# Lelit Elizabeth service boiler stops heating after almost reaching set temperature



## orli (11 mo ago)

Hi, the service boiler on my machine currently does not heat up correctly.

The temperature is set to 145 °C. On start up, the machine heats to about 143°C, and then stops heating.

When I open the steam valve, the temperature drops and keeps dropping, I managed to get it to 110°C.

Normally, the service boiler should start to heat up again, but it does not.

Only if I turn the machine off and on again, after letting it cool, it starts heating again.

Maybe it is related to some safety thermostat going off? I already opened the machine and tried to press the limit stats, like here:

https://www.coffeeforums.co.uk/topic/57802-lelit-elizabeth-service-boiler-issue/?do=embed&comment=815448&embedComment=815448&embedDo=findComment

But on my machine, there only is one limit stat on the top side? (


http://imgur.com/5erqpO2

)

When I set the temperature lower, for example to 130°C everything works as expected.

Could this be related to some kind of software Issue? Did any of you experience something like this before?

I already reset the LCC, the steam temperature offset (Es) is set to 5°C.

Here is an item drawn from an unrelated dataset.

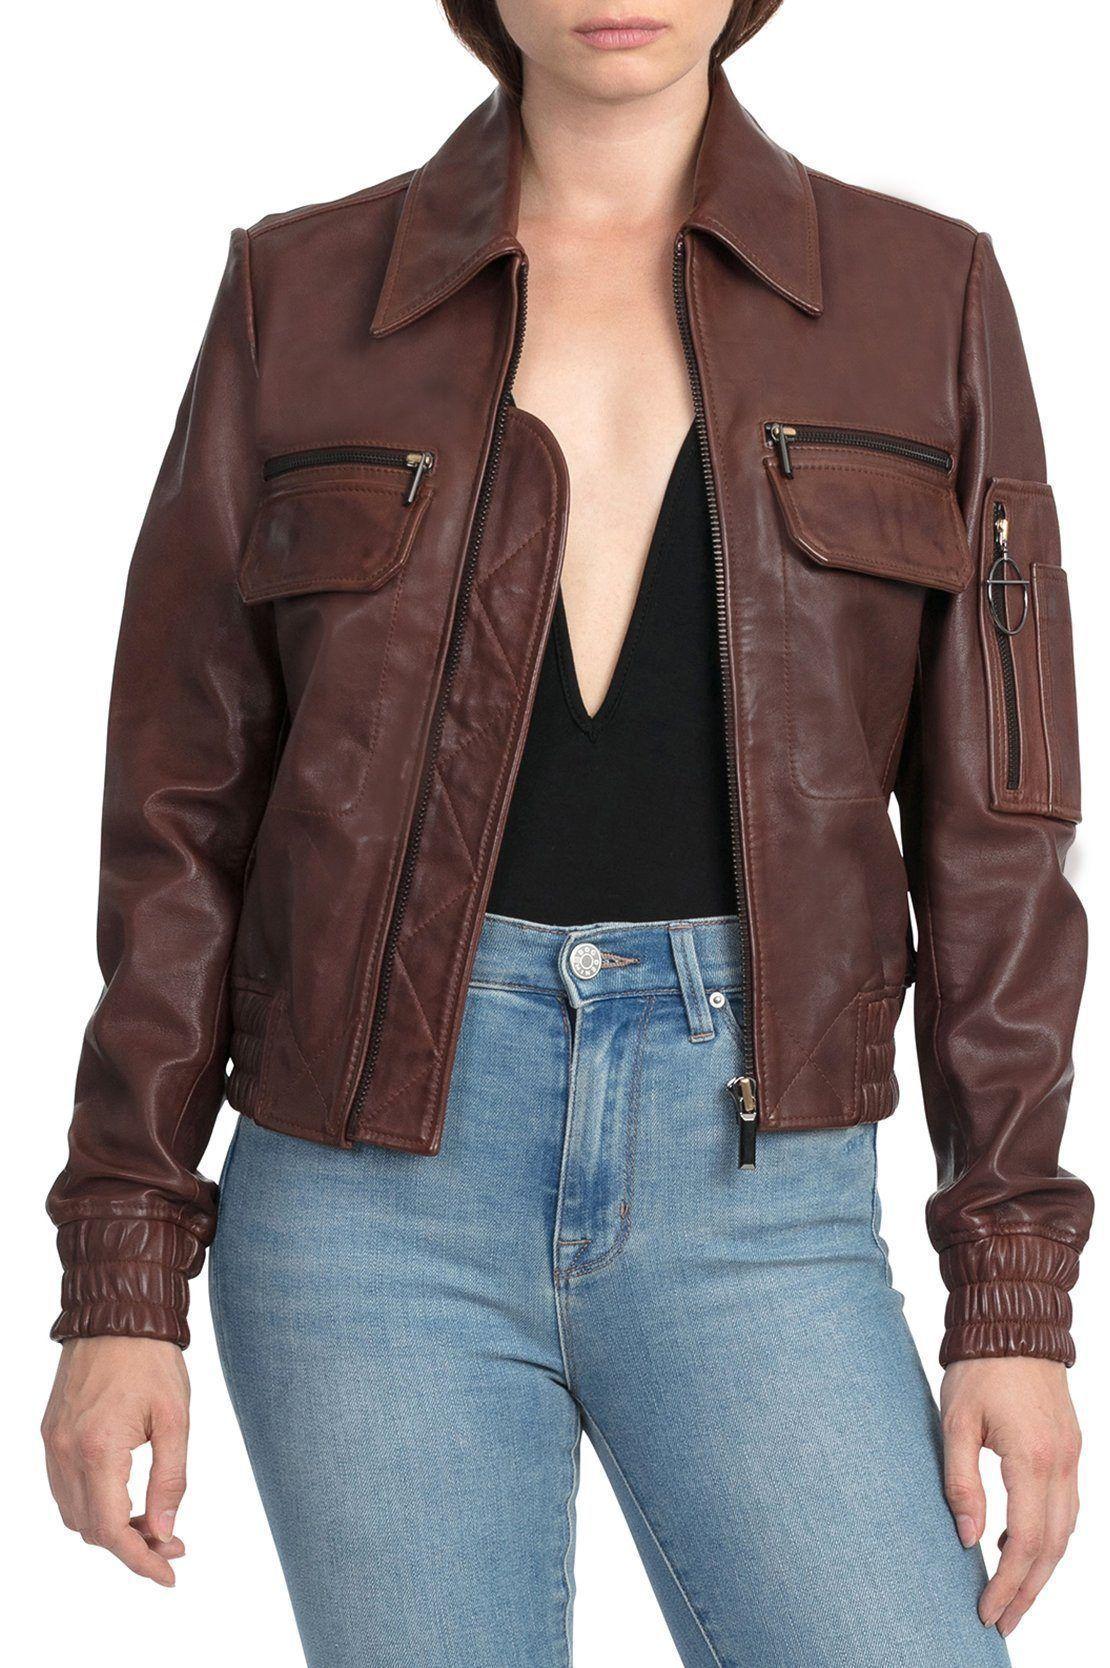 Mahogany (With images) Aviator leather jacket, Leather
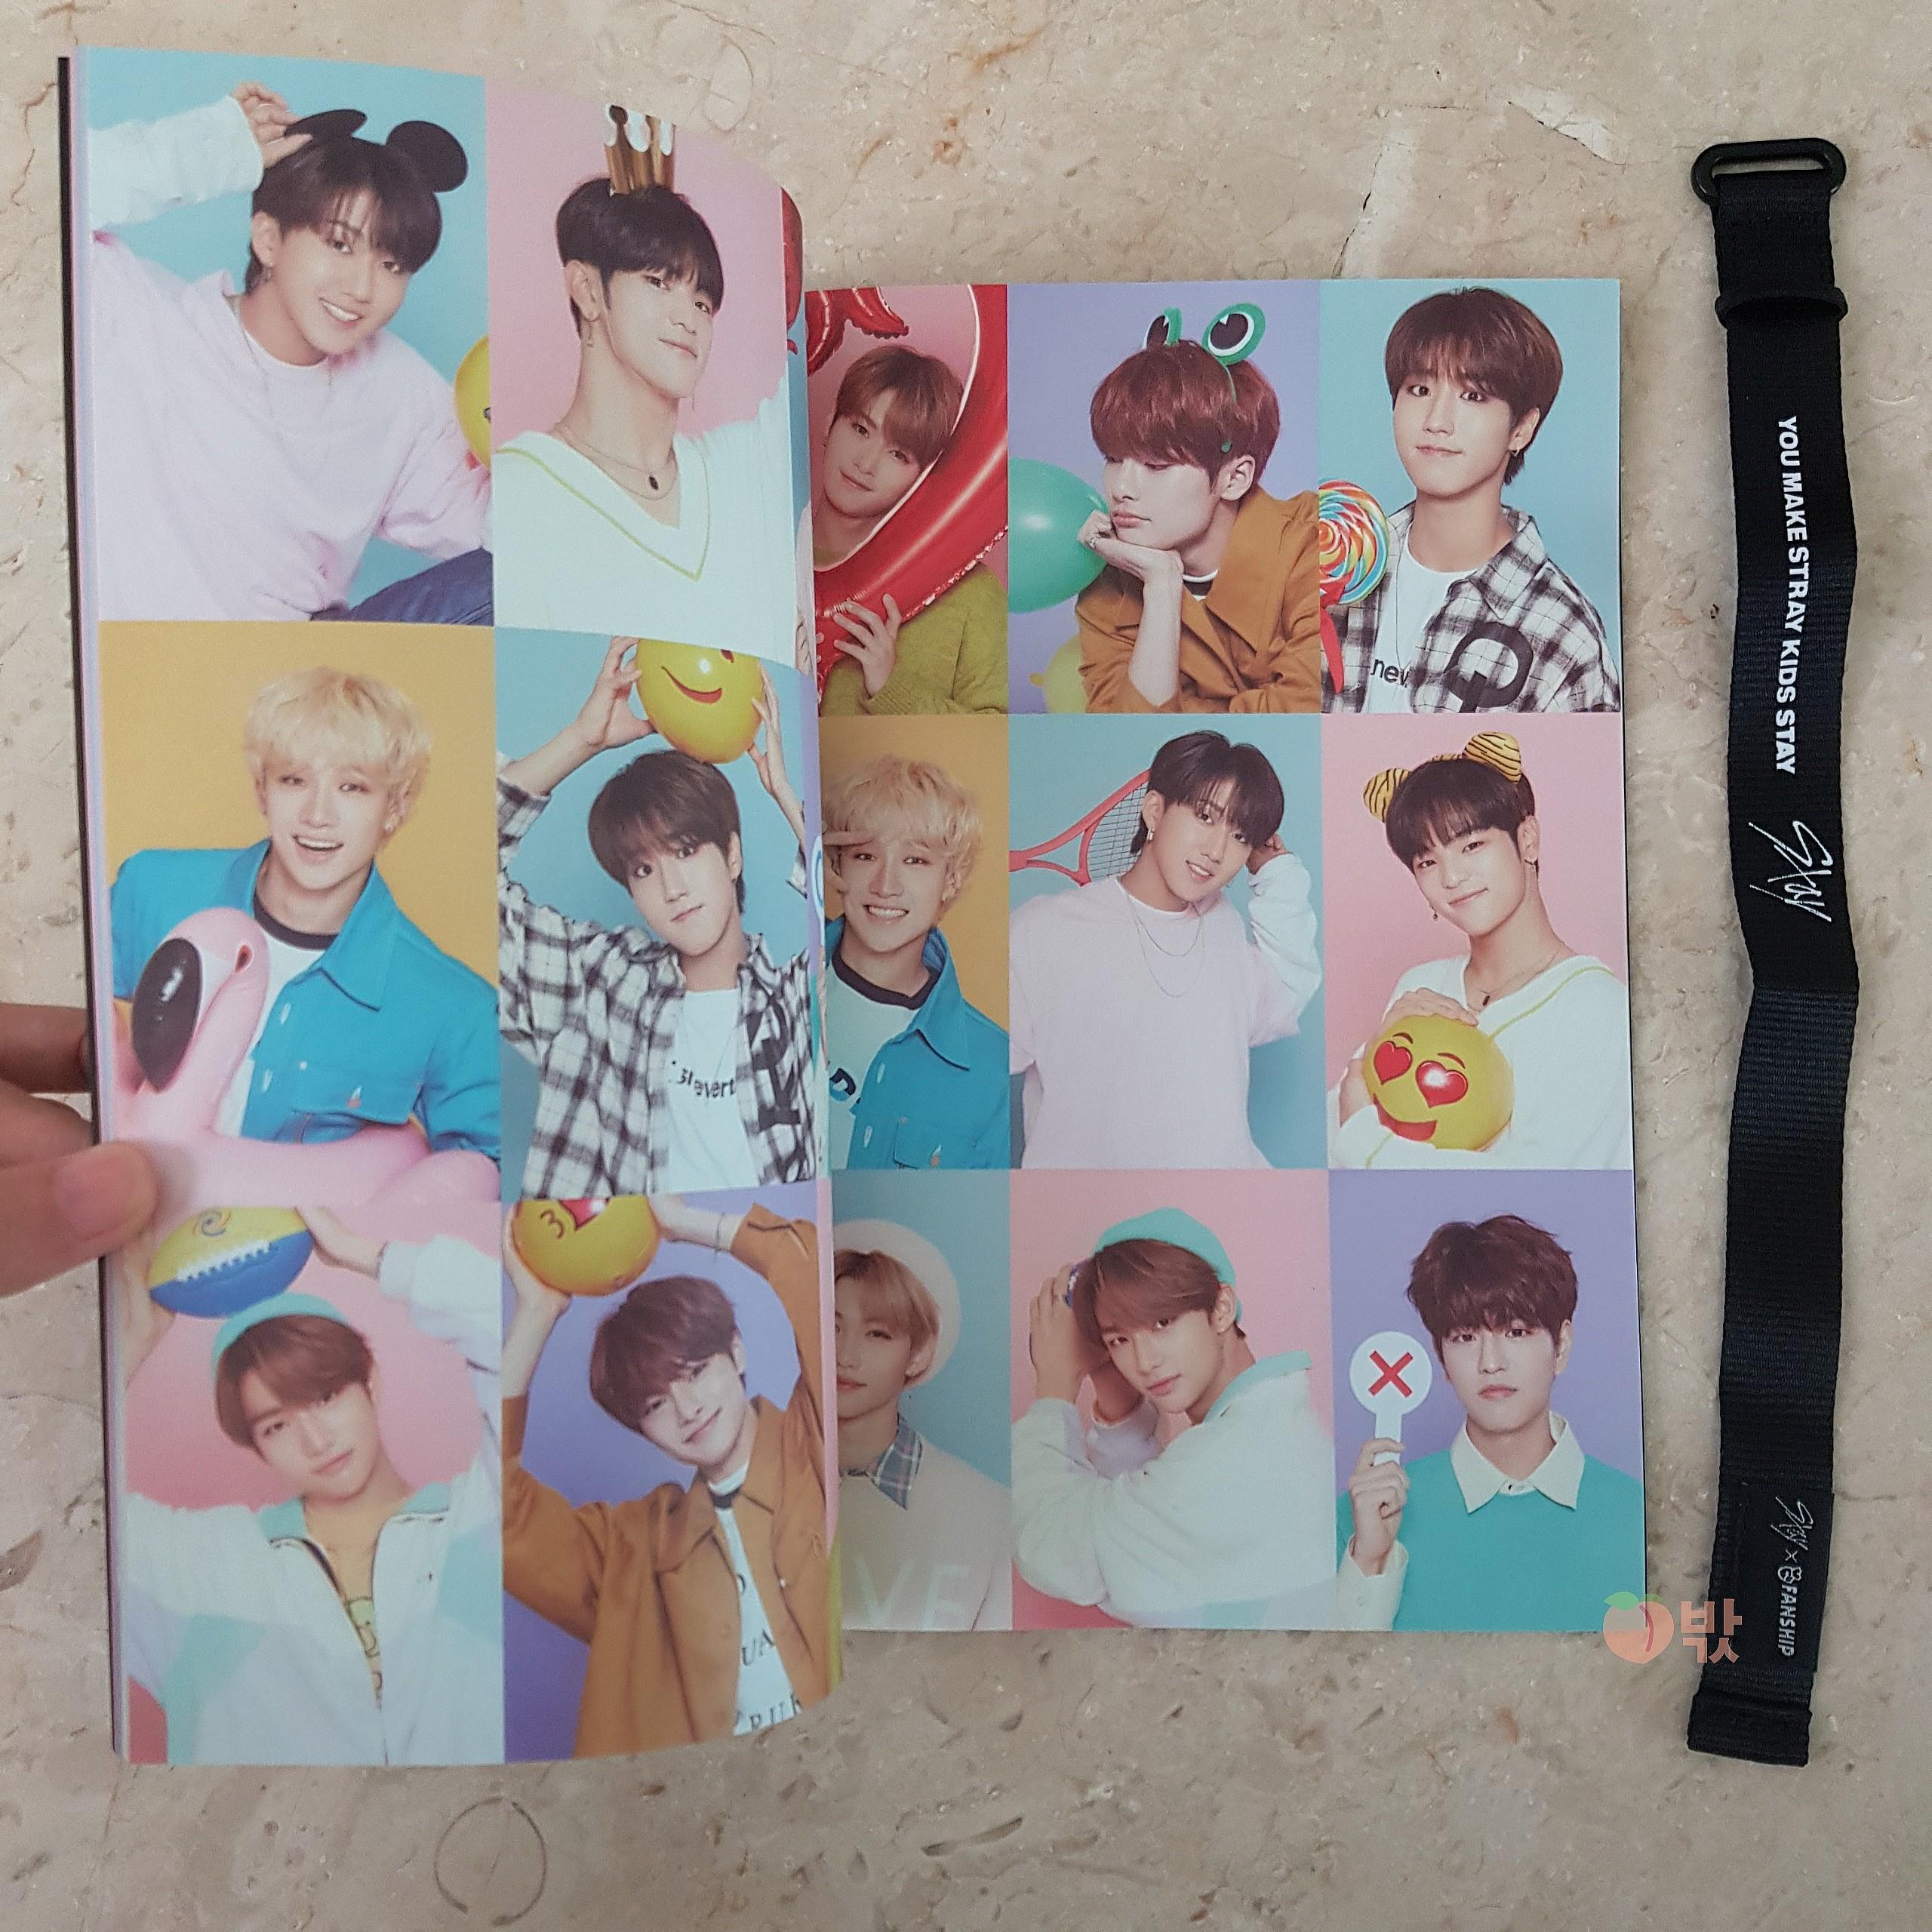 [Ready Stock] Stray Kids Stay Fanship Kit (Photobook + Hand Strap)

Maybe someone has a similar problem, or an idea how to fix this? THe machine is brand-new.

Thanks for helping!


----------



## orli (11 mo ago)

According to lelit docs, normally there should be two limit switches:


http://imgur.com/LSxqYZO


But I only have one 🤔


http://imgur.com/5erqpO2


----------



## orli (11 mo ago)

Exchanging the Thermostats fixed the problem for me.


----------



## Inspector (Feb 23, 2017)

by the way why would you have steam temperature offset? I would zero it.


----------